Contact tracing, a well-established public health tool for disease containment, involves identifying and notifying people who come into contact with an infected person. Contact tracing is traditionally resource-intensive and laborious , where public health officials interview each infected person to identify their contacts since the infected person may have transmitted the infection, and contact each of those contacts to assess their risk, place them on quarantine, and monitor their health.
Technology may increase the scale and reach of contact tracing by automating the identification of contacts, reducing human error and recall bias, and optimizing teams of human contact tracers. Use of this technology may amplify privacy and security risks of citizens participating in contact tracing apps, such as the ones in operation in Israel and Singapore, and the ones in joint development by Apple and Google that use Bluetooth protocols .
The discussion centered on three critical concerns:
- Technology can augment the accepted and widespread practice of contract tracing conducted by the public health community. Yet, public health agencies are not or poorly equipped to evaluate or implement technology investments like the once needed to scale COVID-19 contact tracing.
- Citizens' privacy is a real need and concern. Several privacy-preserving technologies exist and may be used to secure any user data collected by the contact tracing apps, and thus by the app's operator and sponsor. Participants considered the premise that that American society will embrace contact tracing apps only if the apps are built on six core principles of trust and privacy:
- the apps will be temporary;
- the apps will contain appropriate security safeguards;
- the apps will require meaningful consent and opt-in;
- the apps will limit their use of data to the current pandemic only;
- the apps will retain data for an appropriate retention period; and
- the apps will be audited by an independent authority.

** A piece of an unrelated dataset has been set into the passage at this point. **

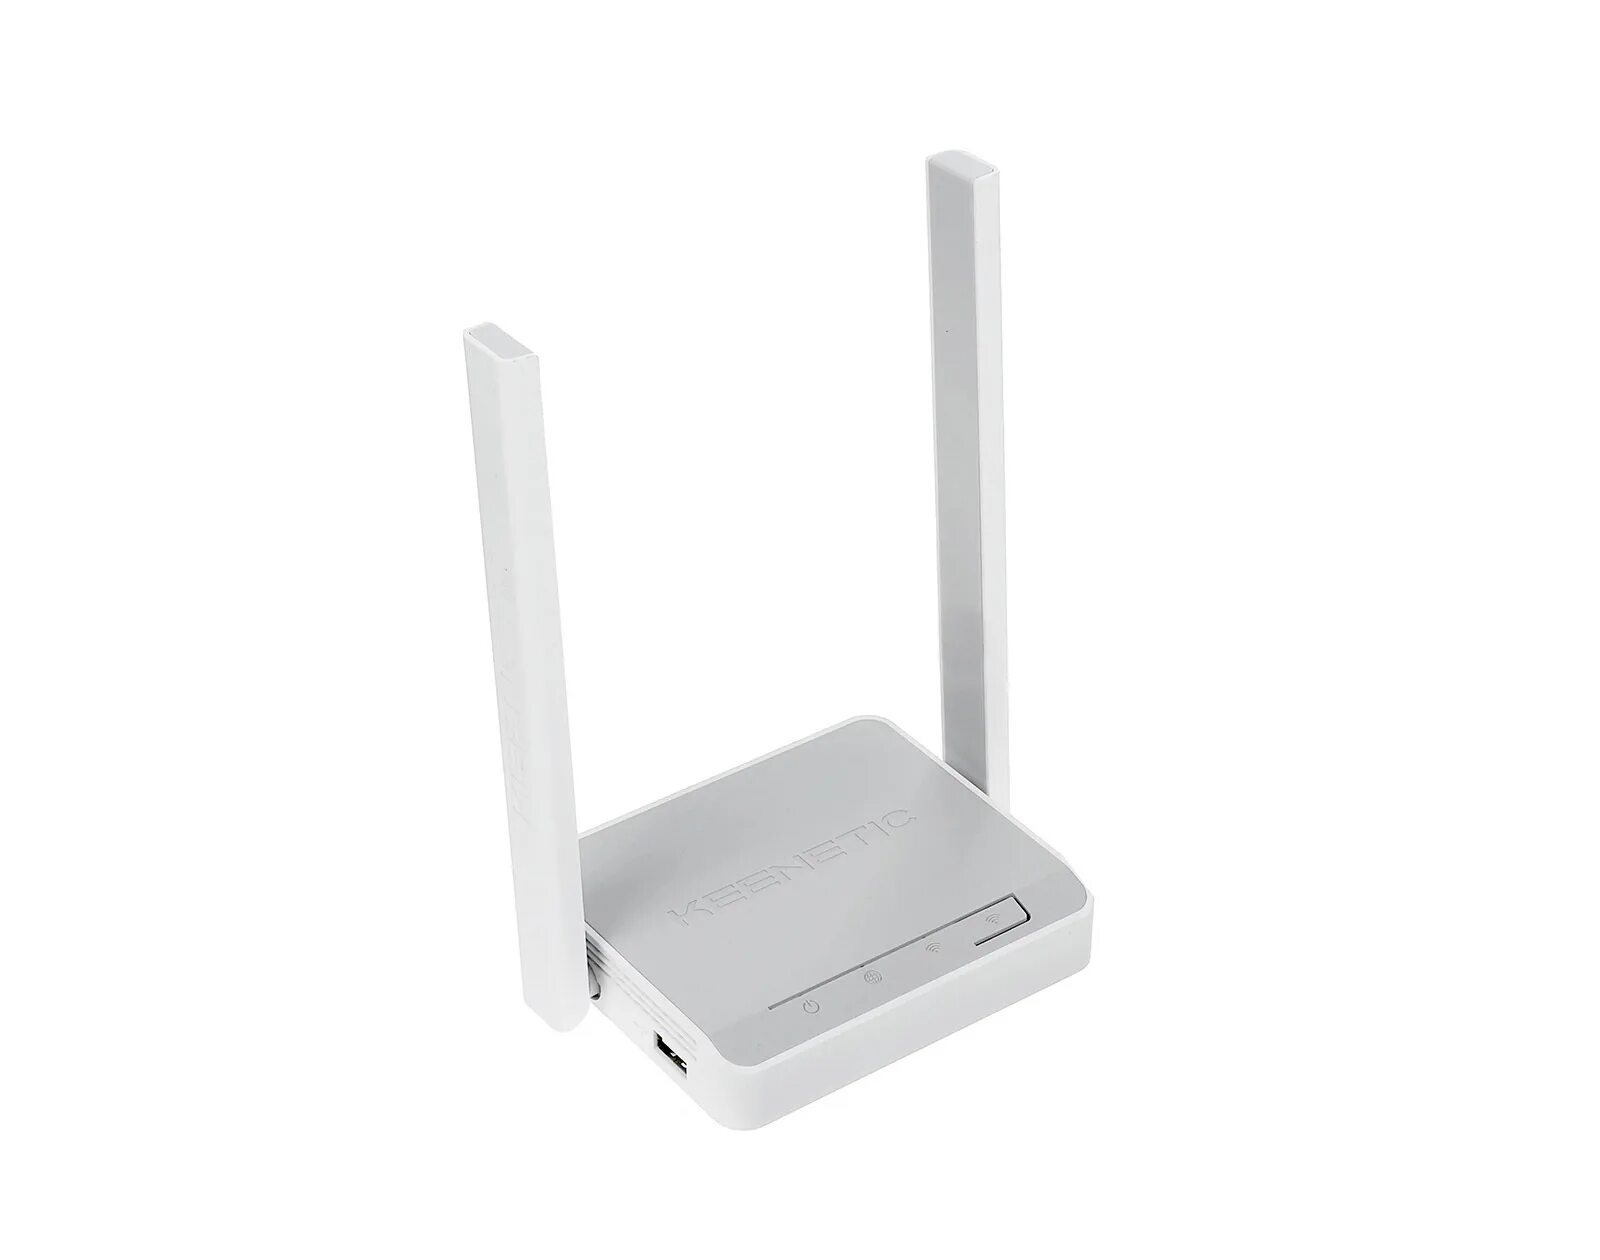 Wi-Fi роутер Keenetic 4g (KN-1211). Роутер Keenetic 4g KN-1210. Wi-Fi роутер Keenetic 4g n300. Wi-Fi роутер ZYXEL Keenetic 4g. Купить роутер keenetic 4g

3. Governance and oversight. Building on the privacy discussion, the roundtable considered the governance implications of contact tracing and whether common governance frameworks for tech-assisted contact tracing apps can work within a federal system of government in which state and local authorities may have their own apps.
What's clear from this discussion is that technology-amplified (augmented) contact tracing can help in the core tenet of infectious disease management, which is to identify the sick. The implementation of apps and other technologies to assist contact tracing holds promise but much more discussion and consideration is needed to outlined optimal methods and governance for ensuring users privacy. Watch this space and the B.Next twitter (@_b_next) feed to join us in this ongoing discussion.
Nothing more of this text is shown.